Alimentando a los polluelos en un nido de avión zapador.
Alimentando a los polluelos en un nido de avión zapador.

Hace años, una familia echó un pulso a la promotora de la Ciudad del Transporte y lo perdió. Pretendían seguir viviendo en su casa y en su parcela, forzando una situación que estaba condenada de antemano a la derrota, según la legislación vigente. A su vez, los miles de conductores que padecen el tráfico creciente de la carretera de Fontanar siguen sin ver, ni en lo más remoto, la autovía prometida. En cambio, una colonia de aviones, esos pájaros que es fácil confundir con las golondrinas, acaban de ver garantizada su “solución habitacional” en esa misma zona, sin tener que mover un músculo para ello ni haber entonado ninguna protesta.

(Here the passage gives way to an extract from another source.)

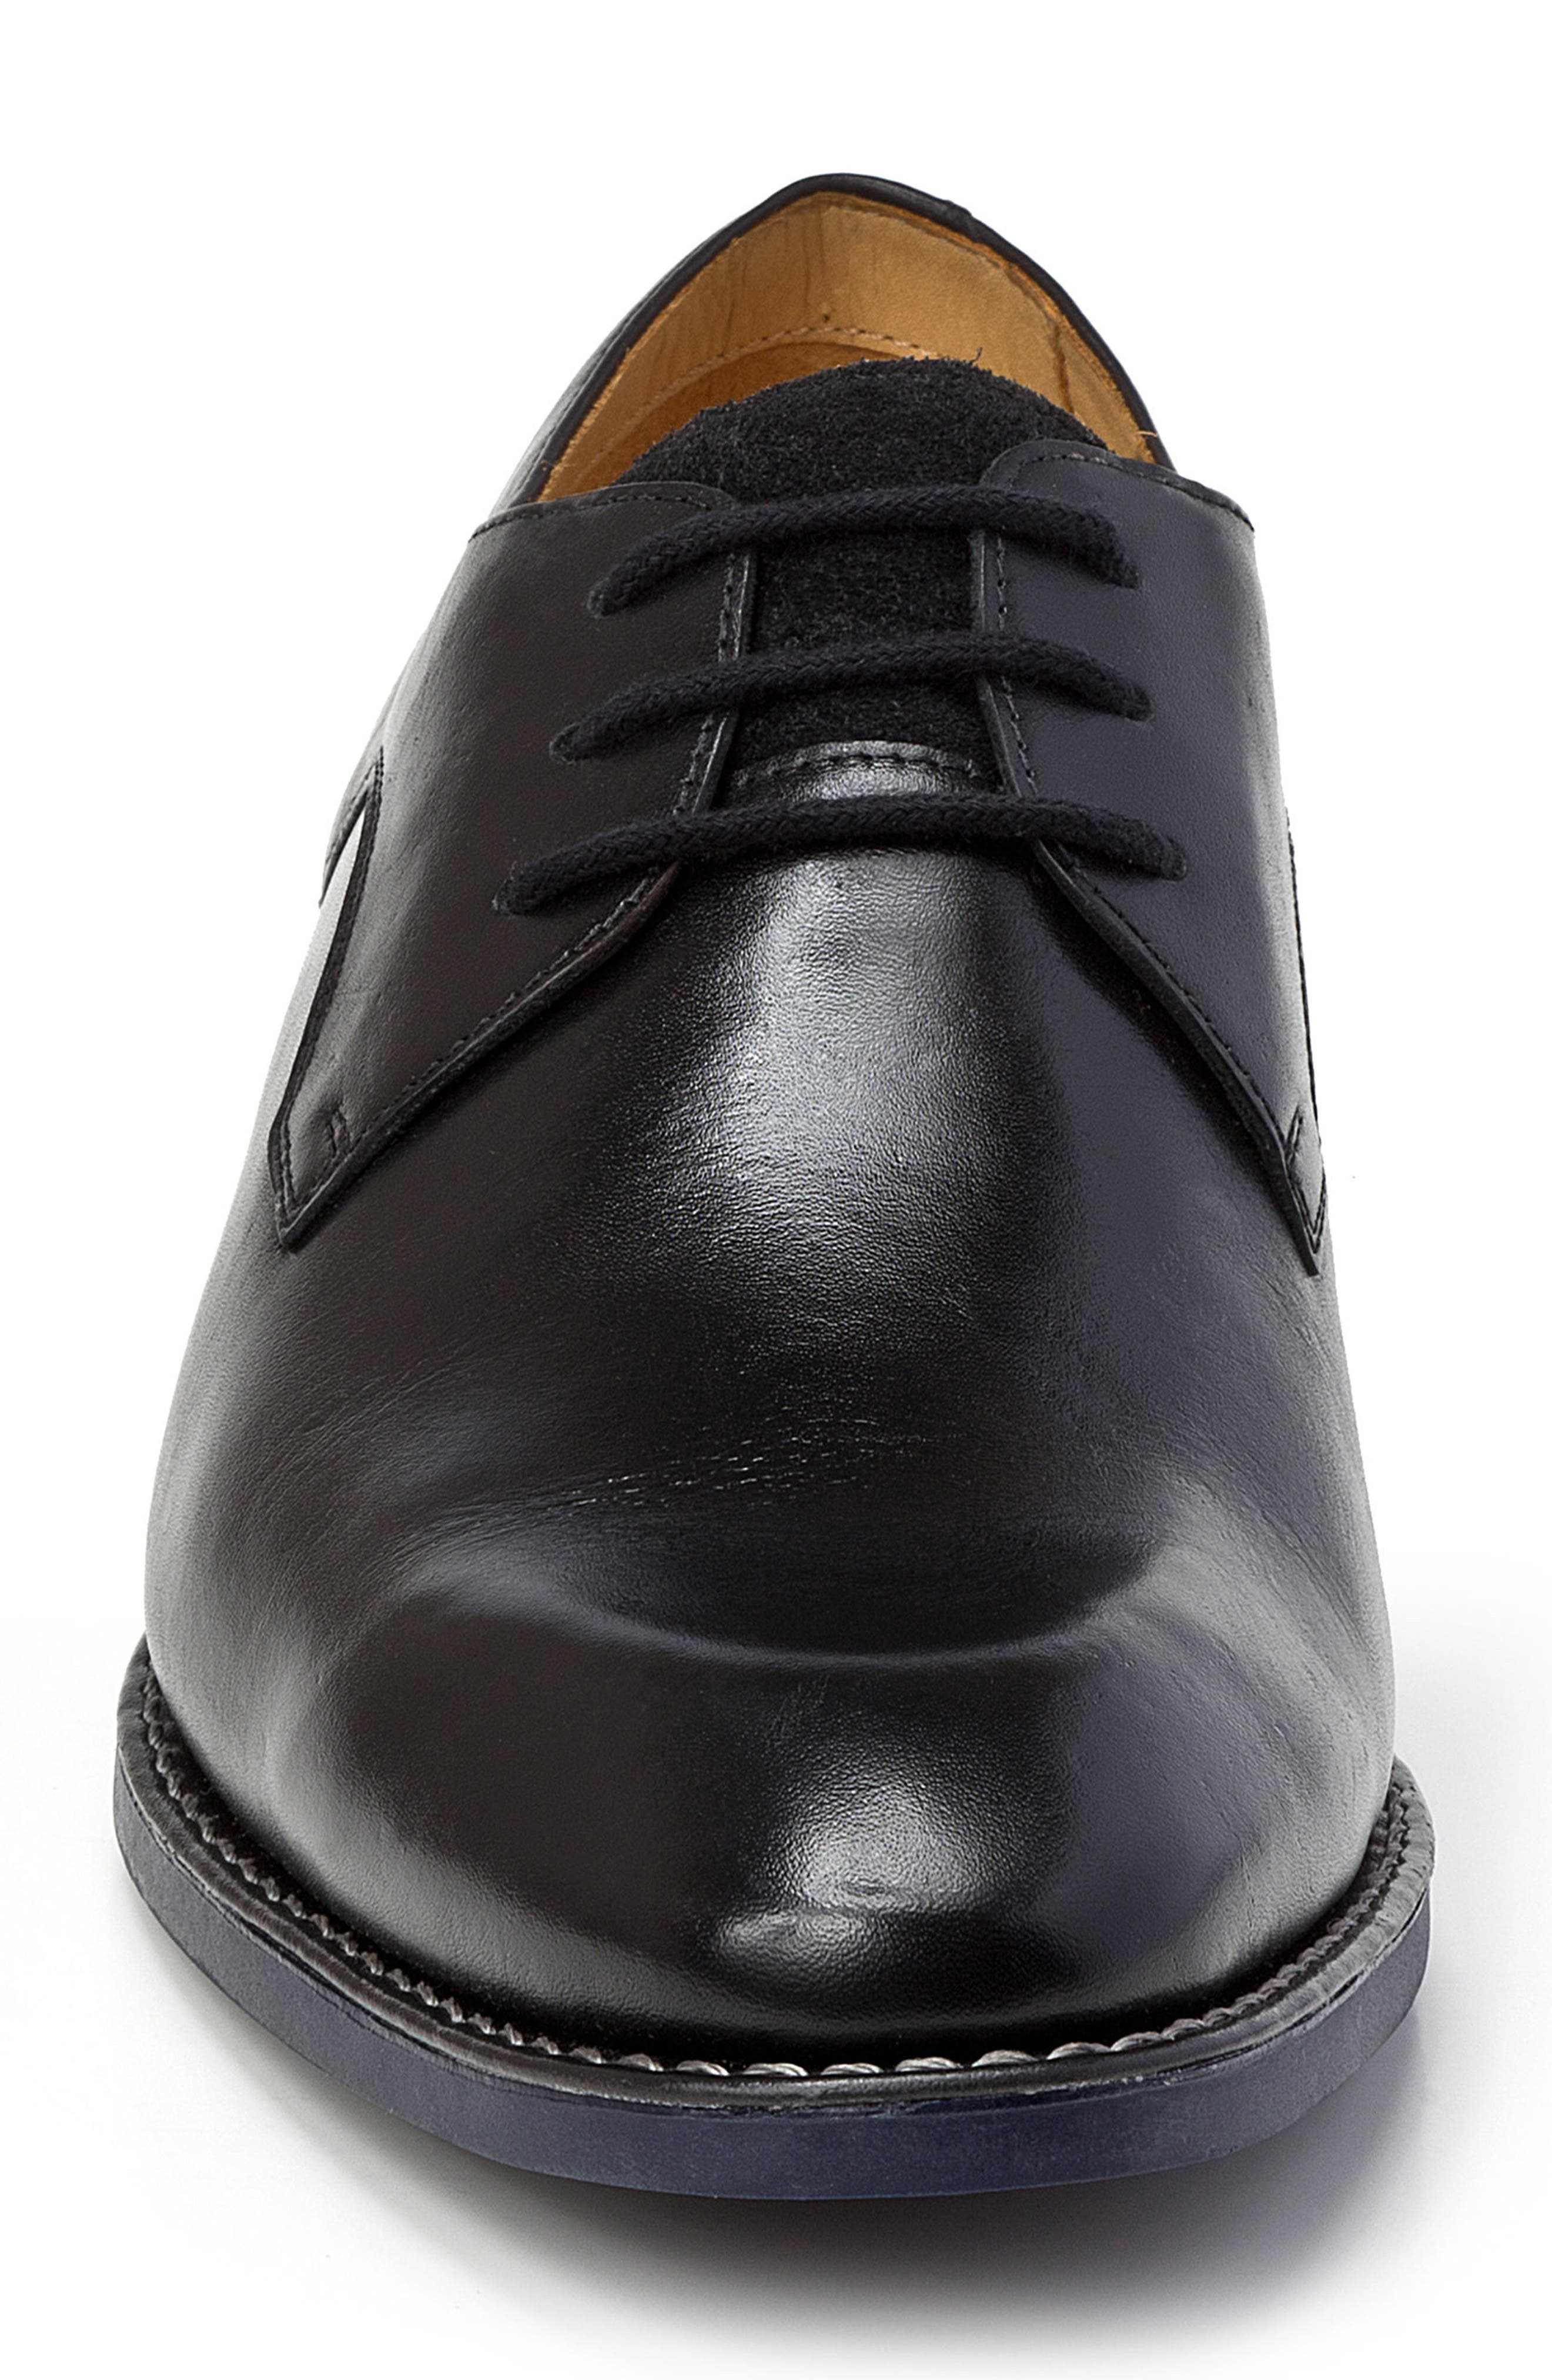 Garret Plain Toe Derby,                             Alternate thumbnail 4, color,                             BLACK LEATHER

Montepino Logística ha modificado un proyecto para habilitar una zona donde pueda anidar cada año una colonia de avión zapador. La especie se considera amenazada y está catalogada como “vulnerable” dentro del Catálogo Regional de Especies Amenazadas de Castilla-La Mancha.

Detuvieron trabajos en abril, para facilitar la cría

Ante la advertencia a mediados del mes de abril por parte de técnicos de AUDEMA en una zona vaciada donde se desarrollaban las obras de construcción, Montepino Logística, con la tutela del Servicio de Medio Ambiente de Guadalajara, ya procuró medidas para facilitar la temporada de cría 2020 de esta especie protegida, paralizando los trabajos en el entorno de la colonia y preservando el hábitat.

Con vistas a garantizar su continuidad el próximo años y los siguientes, Montepino Logística habilitará la zona para posibles futuros nidos, y se compromete a contar con técnicos que asesoren de cómo velar por la anidación de esta especie en caso de que se produzca.

Cinco años anidando, por lo menos

“Tenemos una sensibilización especial por la conservación de la biodiversidad y es por esto que tomamos decisiones en nuestros trabajos teniendo en cuenta la preservación y el fomento de las especies”, ha indicado el director del departamento de obras de Montepino Logística y coordinador de este proyecto, Sergio Asín.

“Sabemos que es la quinta temporada de cría con asentamiento de la especie en la zona y queremos que sigan pudiendo anidar en este espacio, por lo que hemos rediseñado el proyecto con el fin de compatibilizar, las buenas prácticas medioambientales y el desarrollo económico de las localidades de Guadalajara y Marchamalo”, ha apostillado Sergio Asín.

Dentro de la plataforma logística que desarrolla Montepino existen diversas zonas ajardinadas, y es precisamente en estos espacios donde ha anidado este ave. Así, para futuros posibles asentamientos, Montepino va a habilitar en esta zona taludes verticales en los que el avión zapador tenga la posibilidad nuevamente de anidar el año próximo.

Anidan en galerías que ellos abren

La presencia de esta ave en las obras de la Ciudad del Transporte se debe a las características ambientales de la zona y a los perfiles que se generan con los movimientos de la tierra que se llevan a cabo para las edificaciones. Los zapadores, como su nombre indica, excavan las galerías en los desmontes verticales, y utilizan sus fondos como nidales, forrados con un fino tapiz de plumas y hierbas.

“El avión zapador se establece en la Península durante el periodo de cría; los primeros ejemplares se observan en el valle del Henares desde finales de marzo y principios de abril, procedentes de sus cuarteles de invernada en África. Busca sustratos propicios para establecer sus colonias de cría, a menudo secciones verticales de terrenos blandos, arenosos, fáciles de horadar, en los que instalan sus galerías de cría y nidales”, ha explicado el biólogo y responsable del departamento de Consultoría y Medio Ambiente de Audema, Carlos Fernández Calvo, quien es el encargado de asesorar a Montepino Logística en el seguimiento y estudio de esta colonia.

“A mediados de mayo, la colonia estaba formada por más de 350 oquedales, con una ocupación estimada del 60 por ciento”, ha especificado el biólogo Carlos Fernández Calvo, que ha agregado que “desde el mes de agosto y durante septiembre, los aviones zapadores se congregan en dormideros ribereños y se desplazan al sur”.

En la actualidad, los técnicos han certificado que la colonia del avión zapador ya ha abandonado este asentamiento y, por lo tanto, ya se pueden reanudar las obras de la zona.